_What you should do_. If pictures appear among the lines below, leave them out while you return exactly the lines from the one with "Players LA Dodgers Trackpants in Unbleached" through the one with "A Framework for".

_The input_.
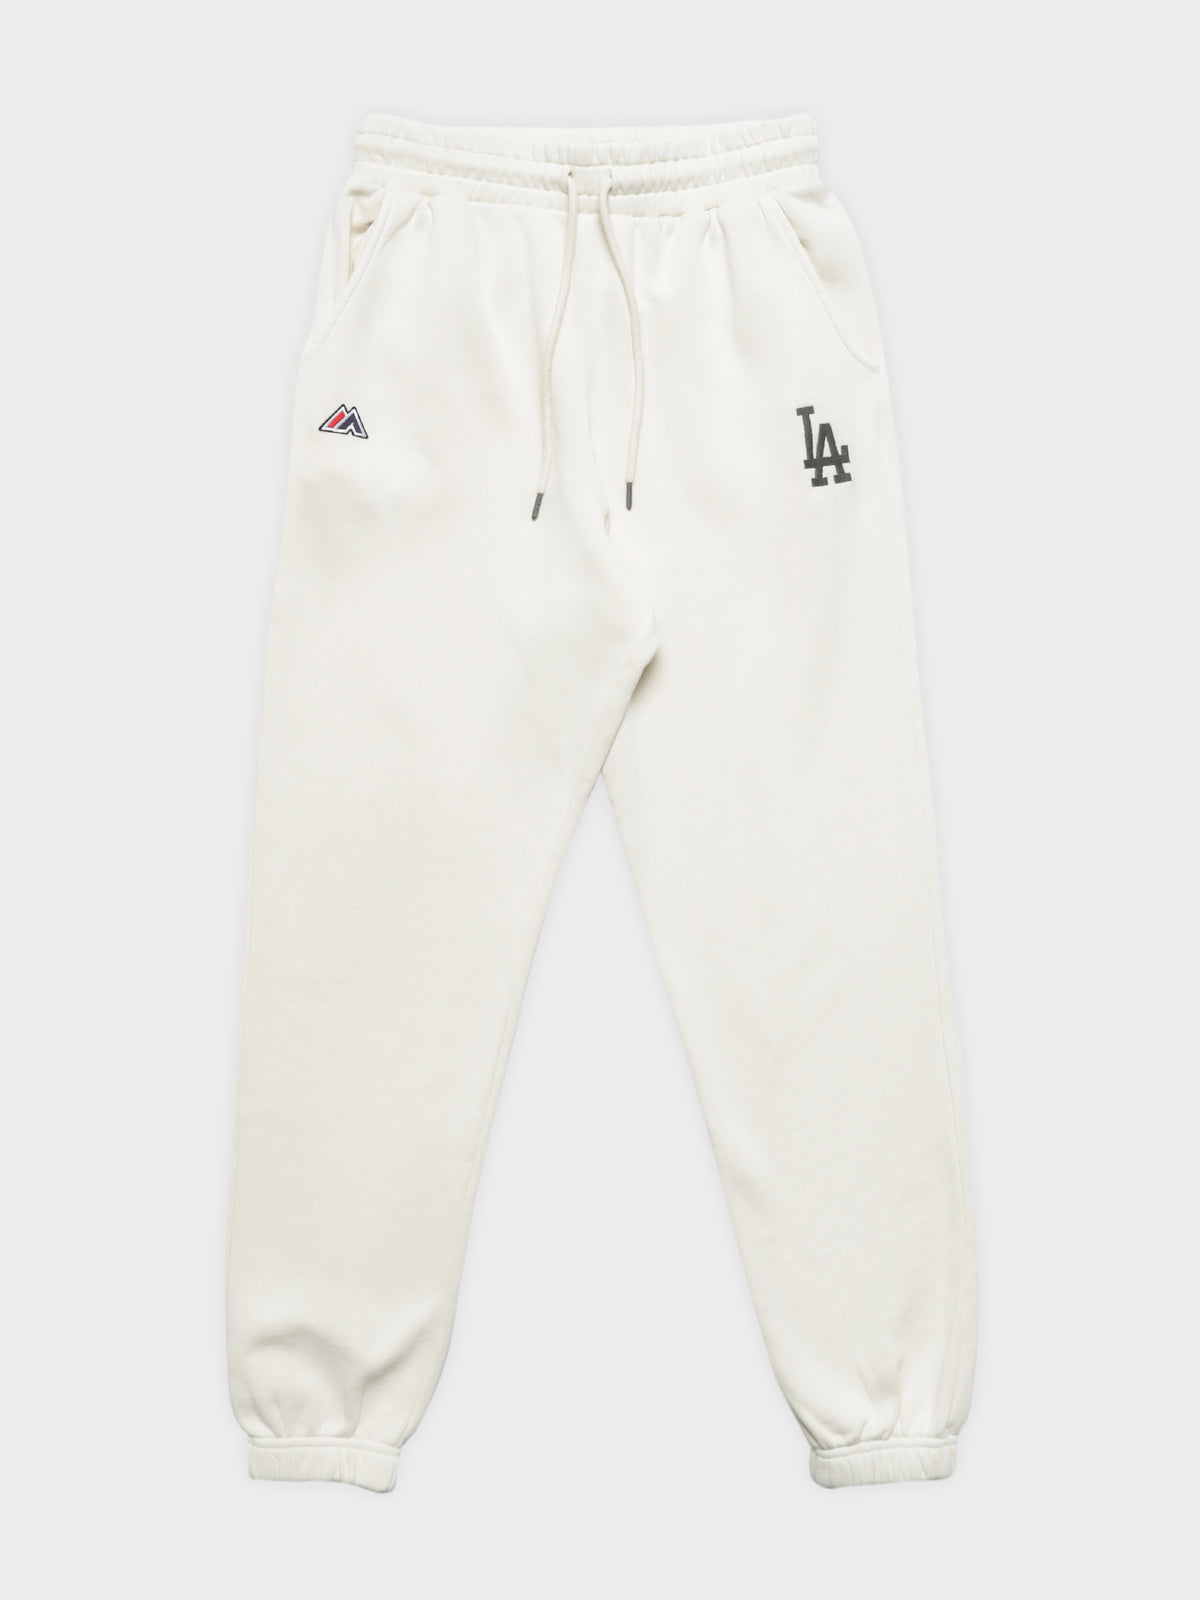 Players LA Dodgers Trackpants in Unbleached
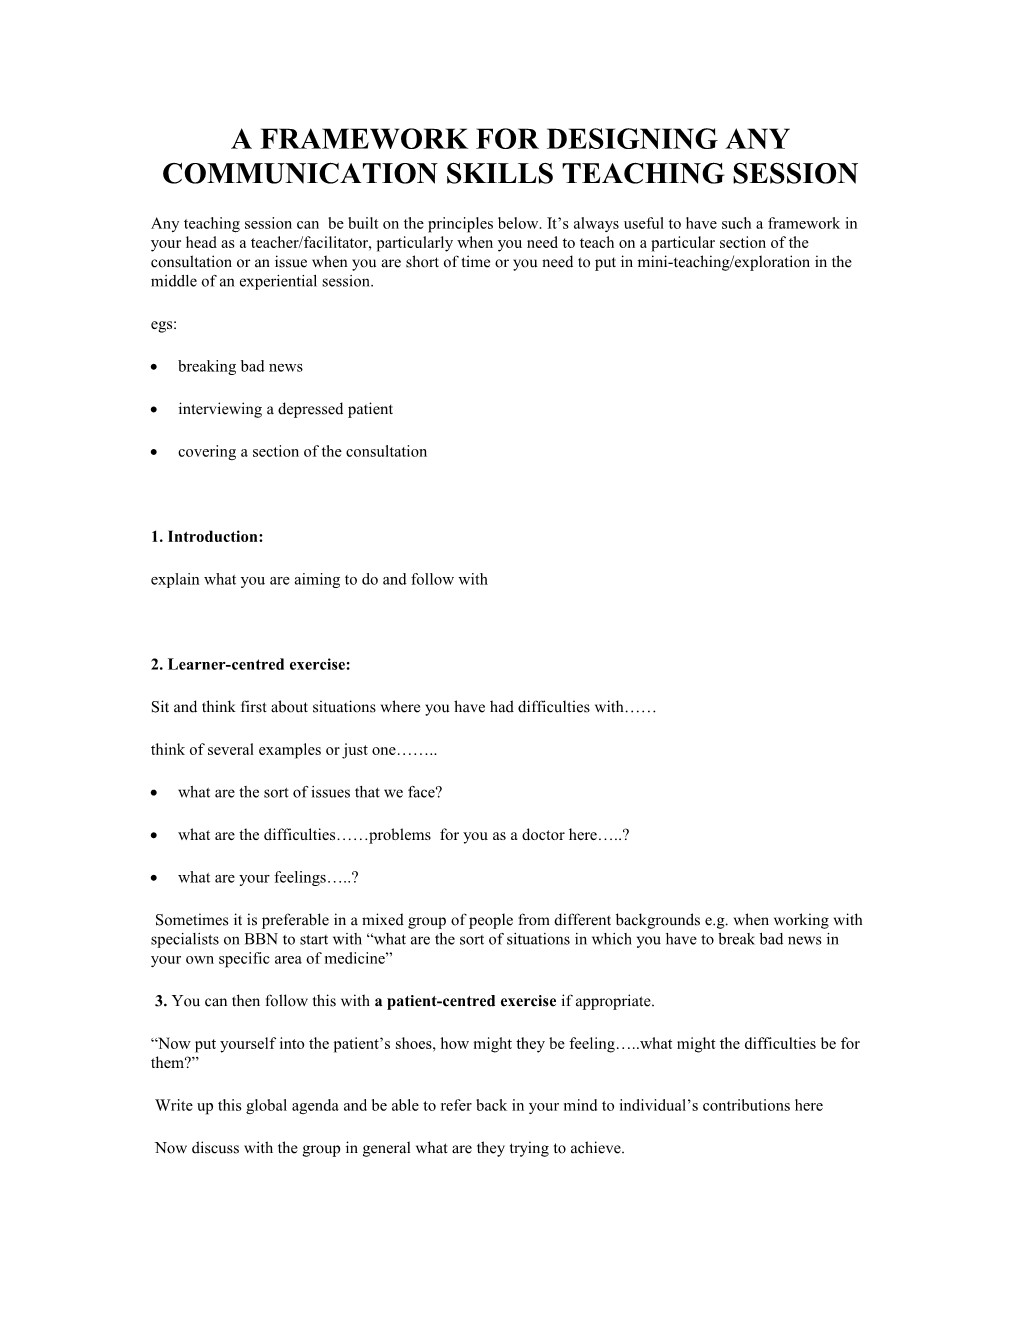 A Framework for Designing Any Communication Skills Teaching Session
--
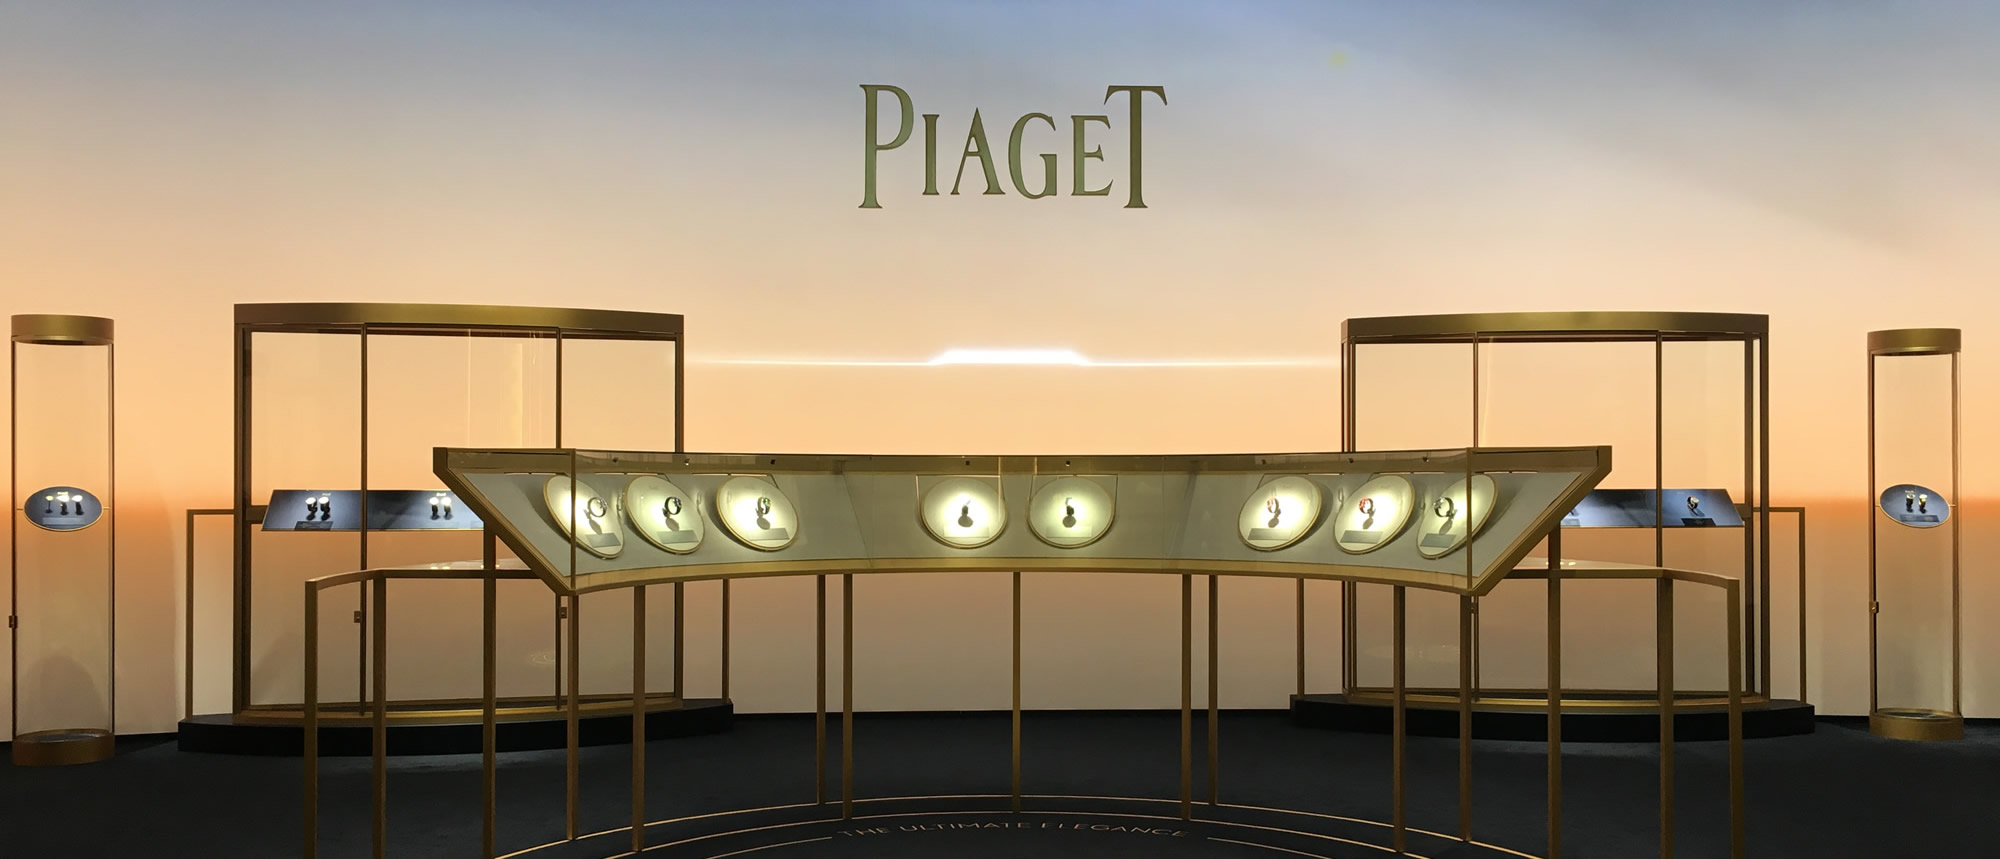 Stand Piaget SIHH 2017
---
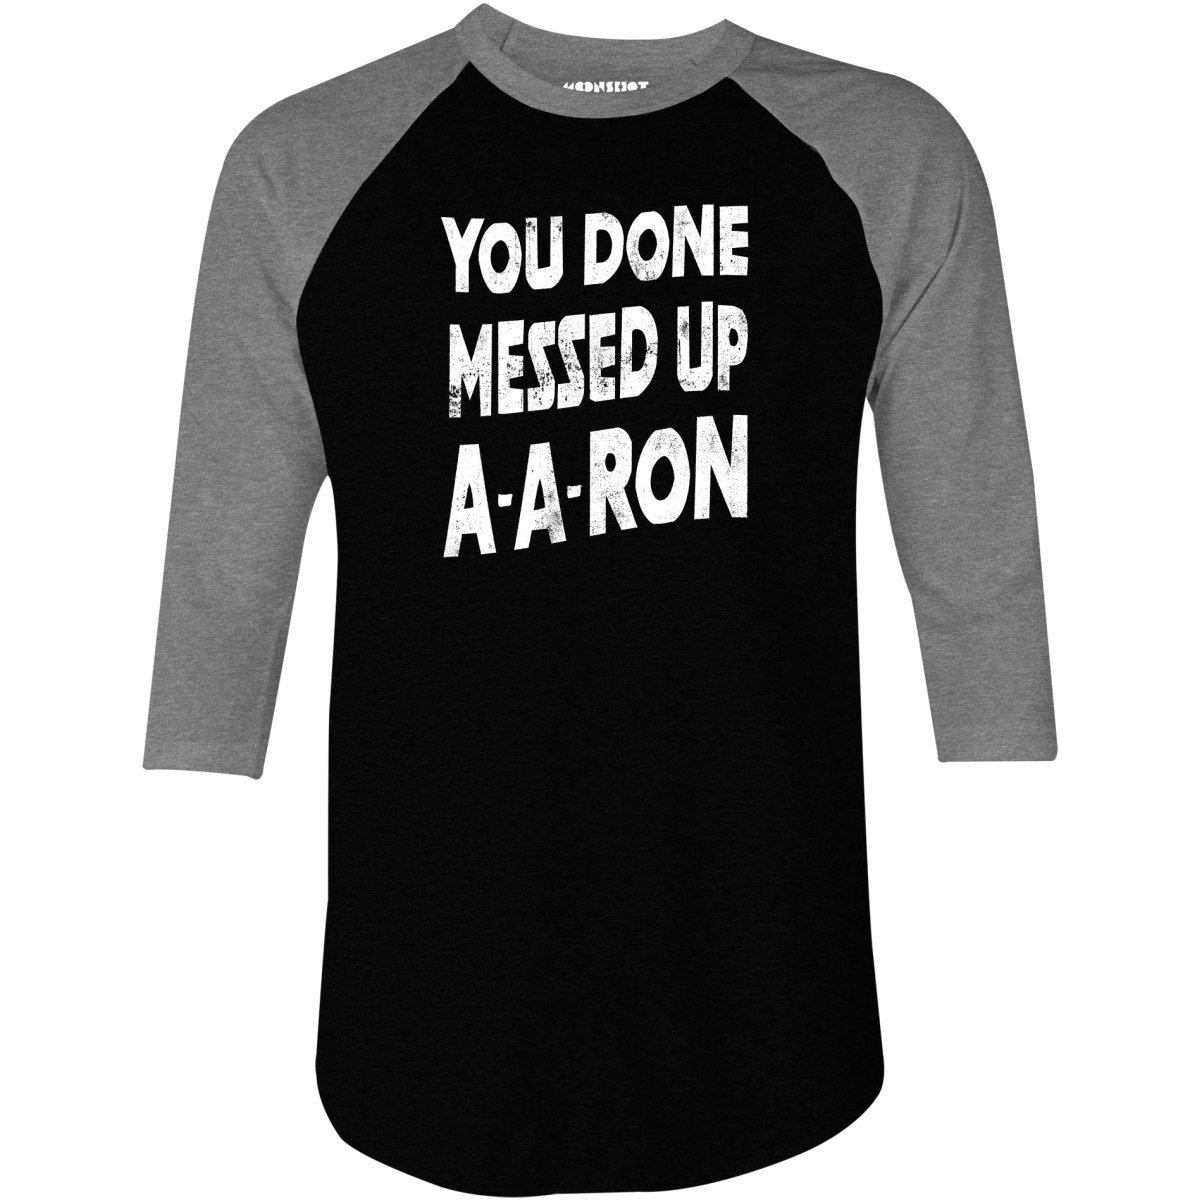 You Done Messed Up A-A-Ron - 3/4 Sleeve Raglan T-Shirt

_Task response_.
 Players LA Dodgers Trackpants in Unbleached
 A Framework for Designing Any Communication Skills Teaching Session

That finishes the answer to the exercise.